Goal of the exercise:
Leave out the images and repeat the listing below without a single change.

Data segment:
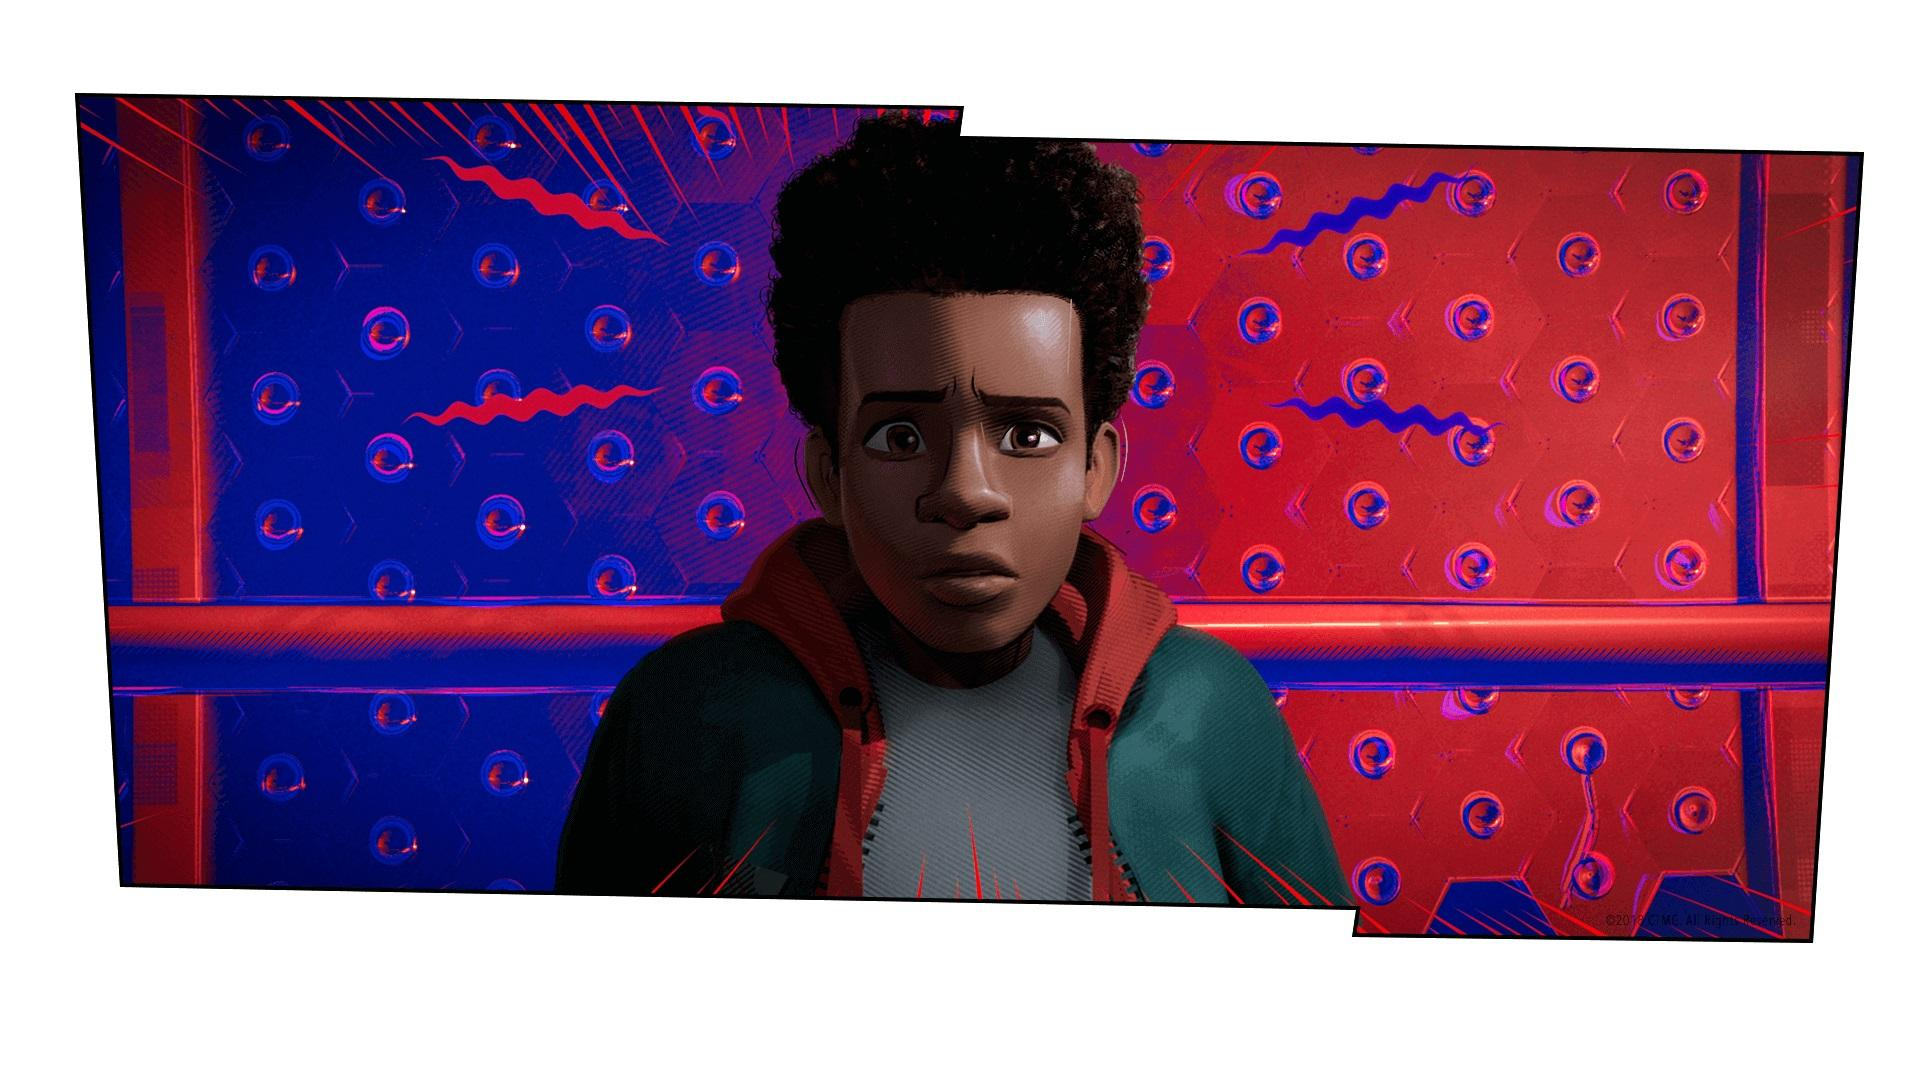 Spider-Man: Into The Spider-Verse 3D (2018) - Financial
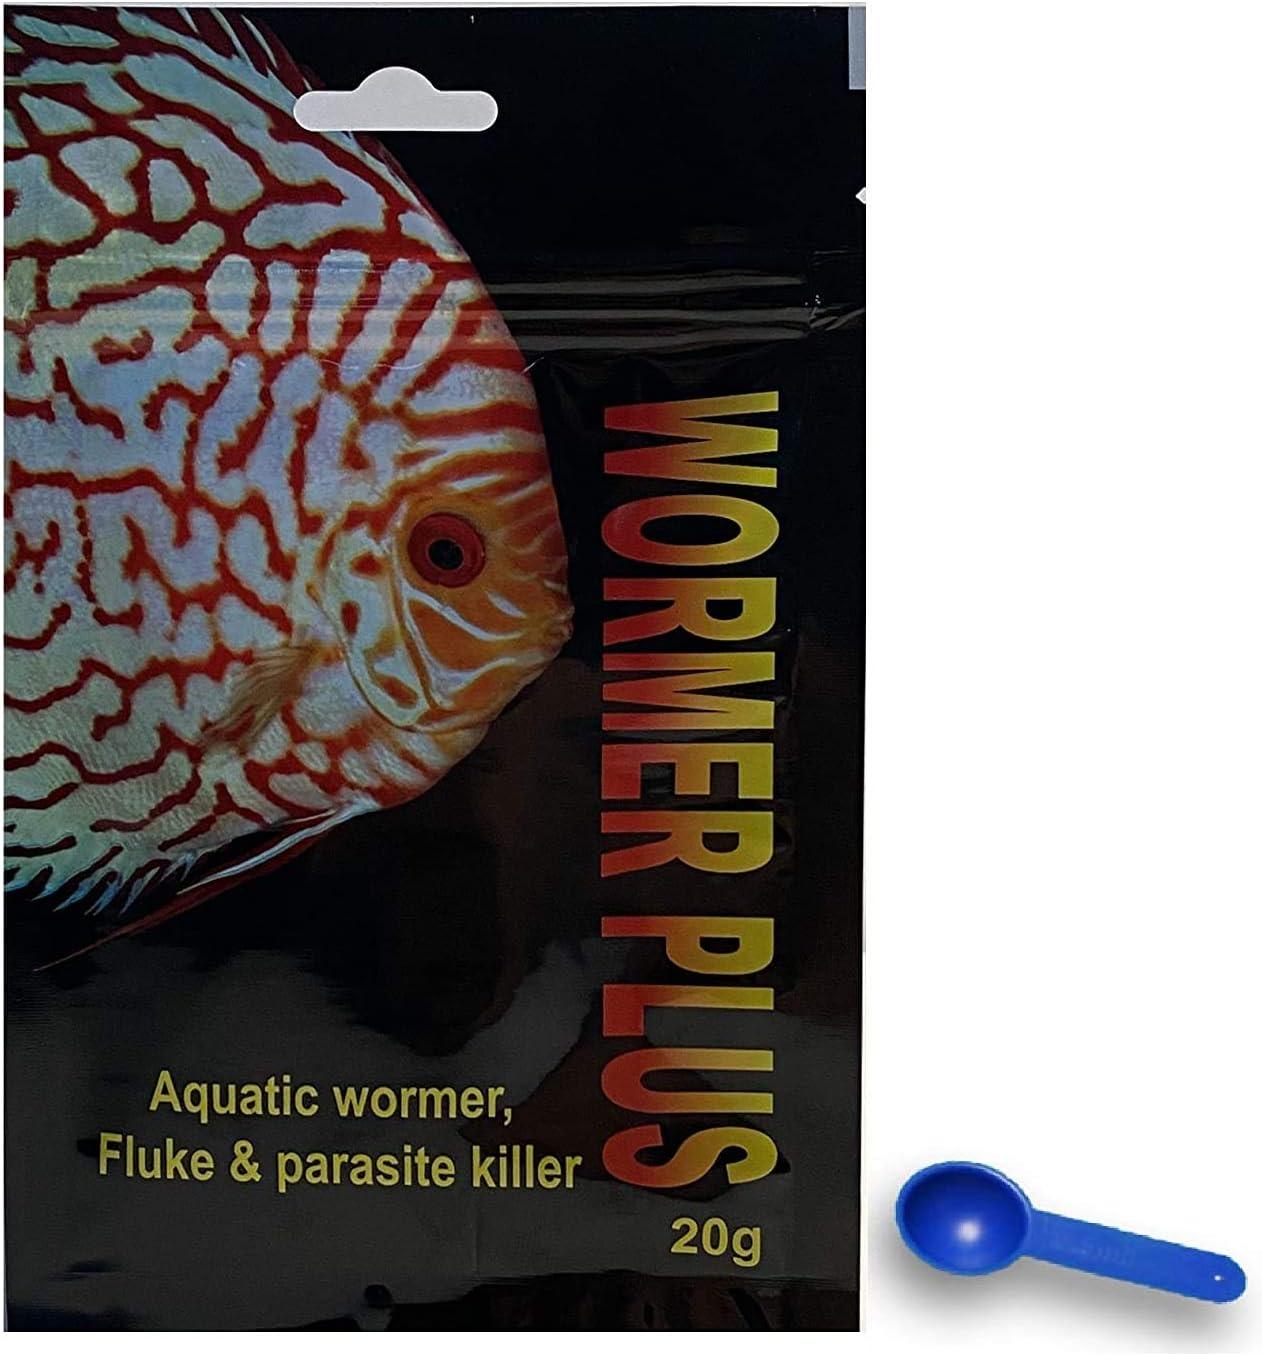 Wormer Plus - Anti-Parasitic Fish Medication - Flubendazole for Fish with parasites and Flukes
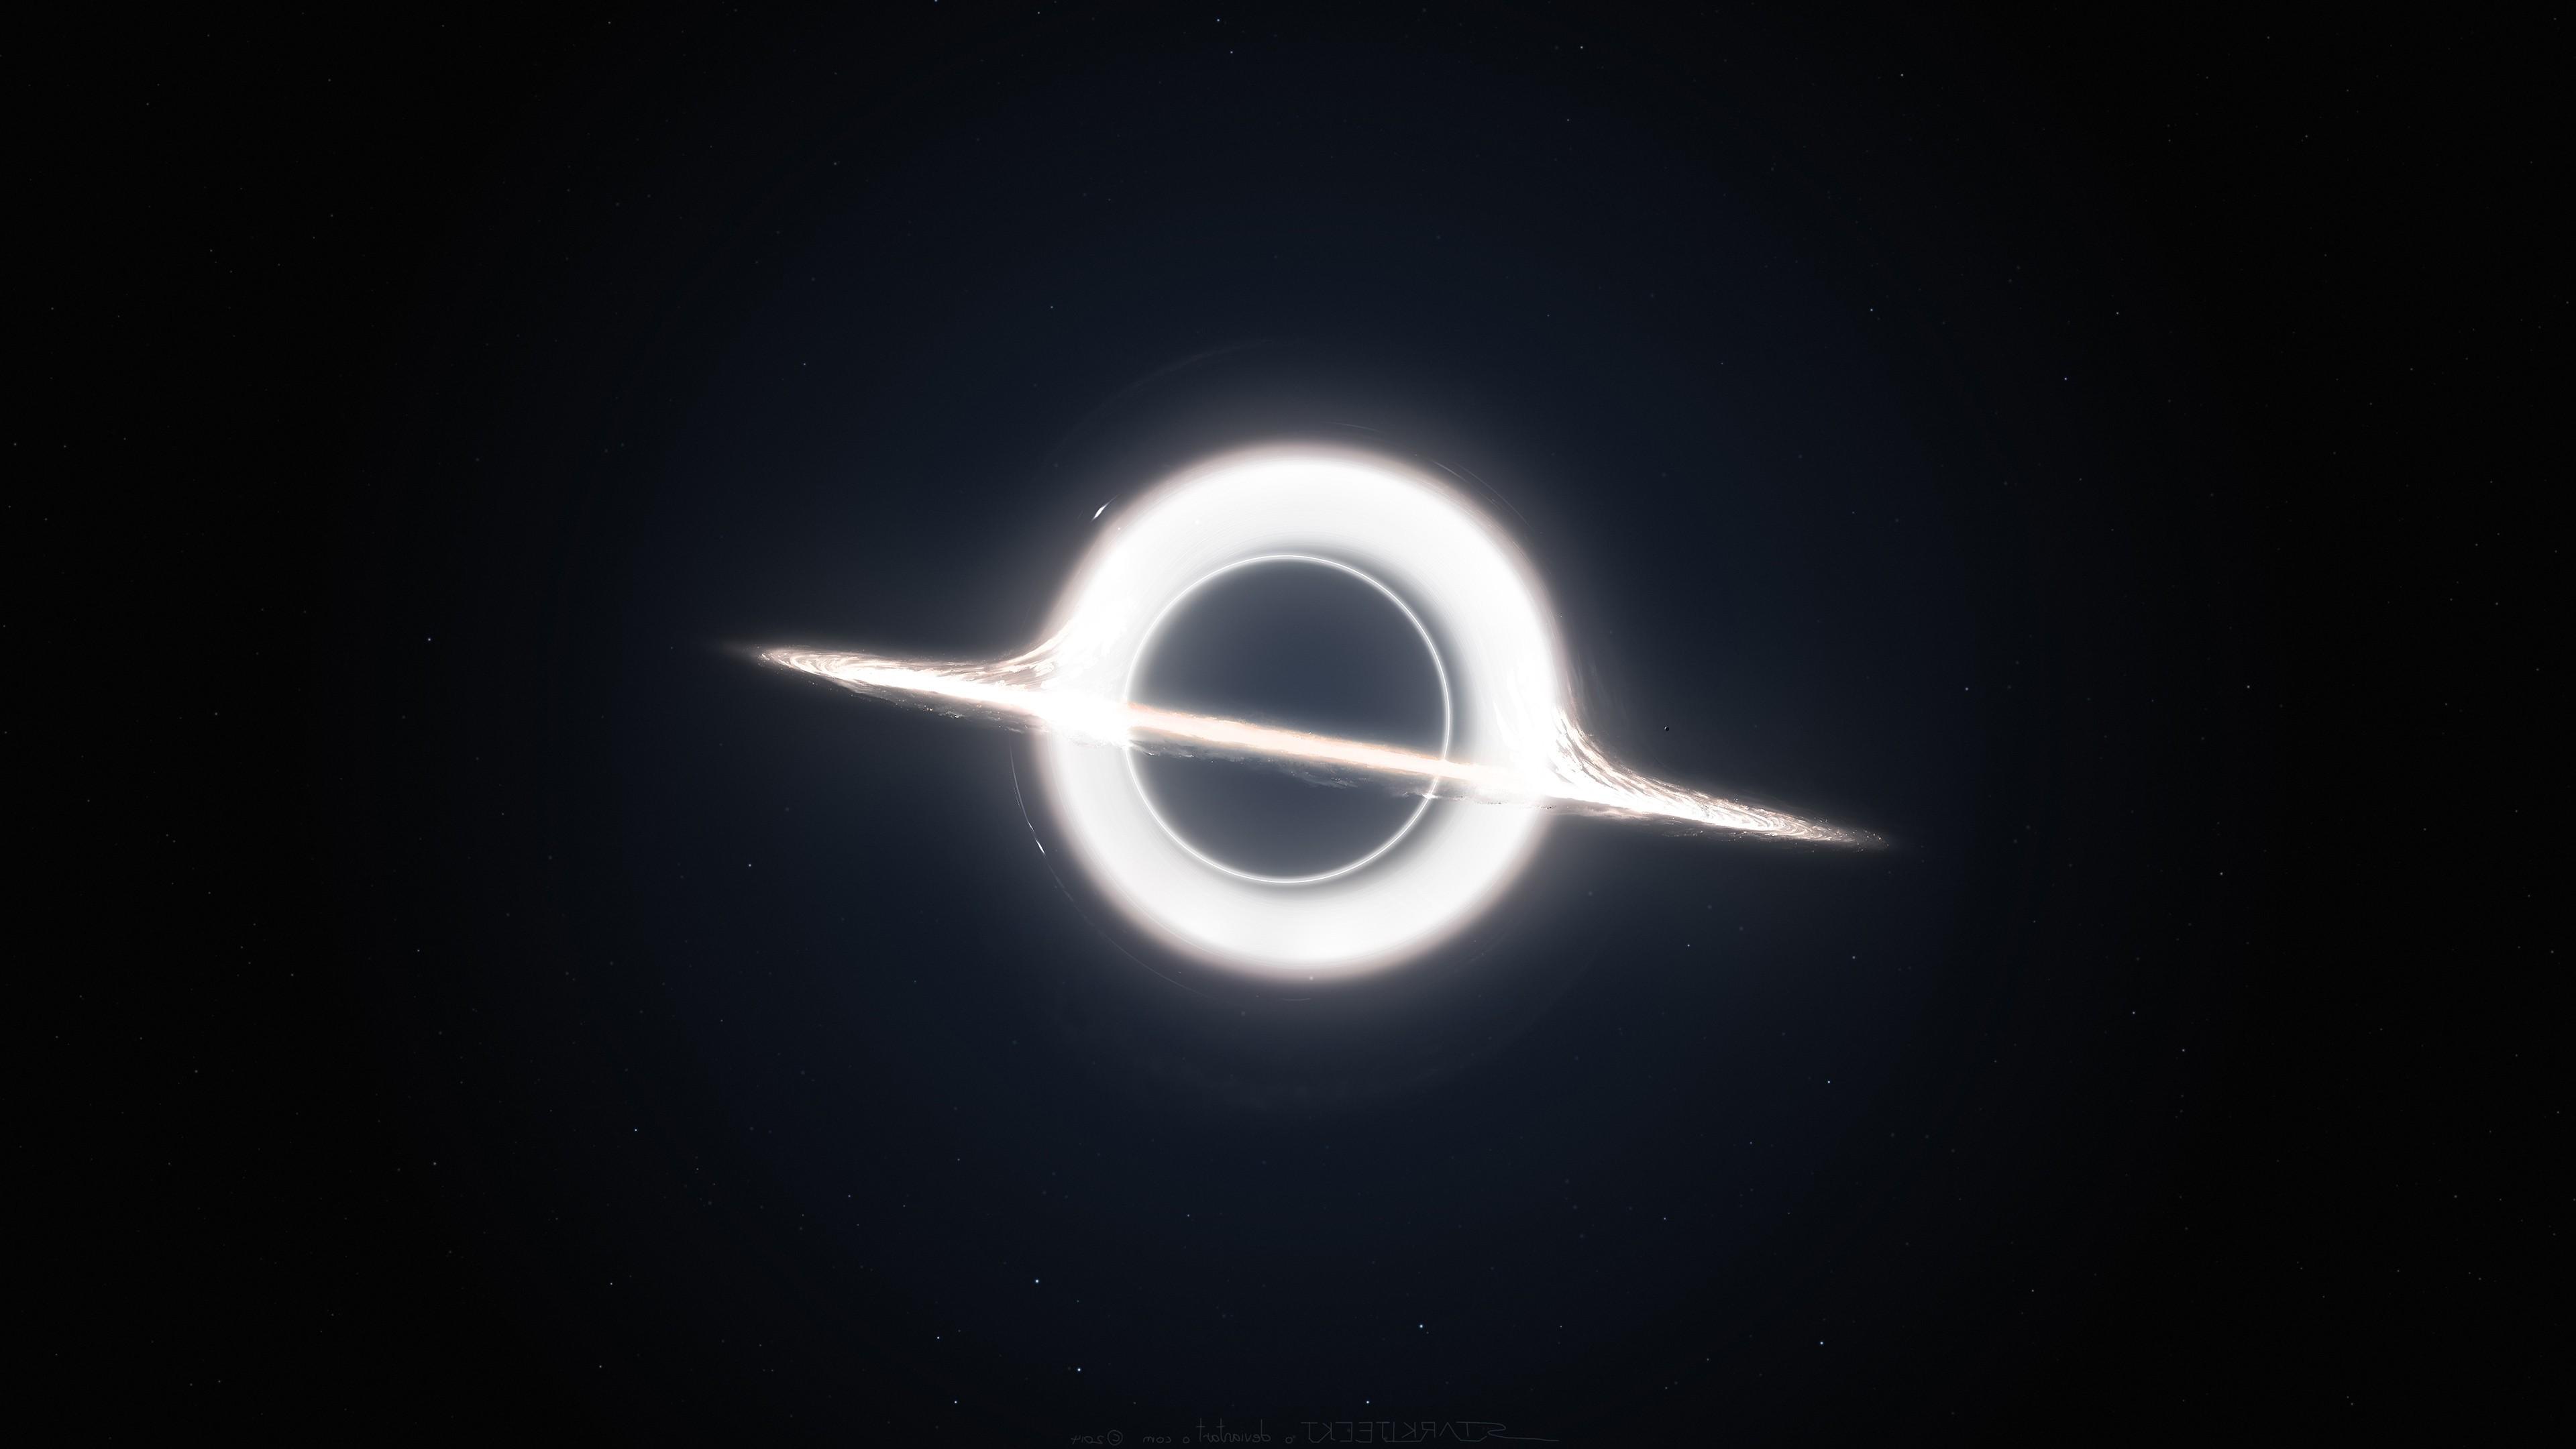 Wallpaper 3840x2160 Px Black Holes Dark Interstellar

Exercise response:
 Spider-Man: Into The Spider-Verse 3D (2018) - Financial
 Wormer Plus - Anti-Parasitic Fish Medication - Flubendazole for Fish with parasites and Flukes
 Wallpaper 3840x2160 Px Black Holes Dark Interstellar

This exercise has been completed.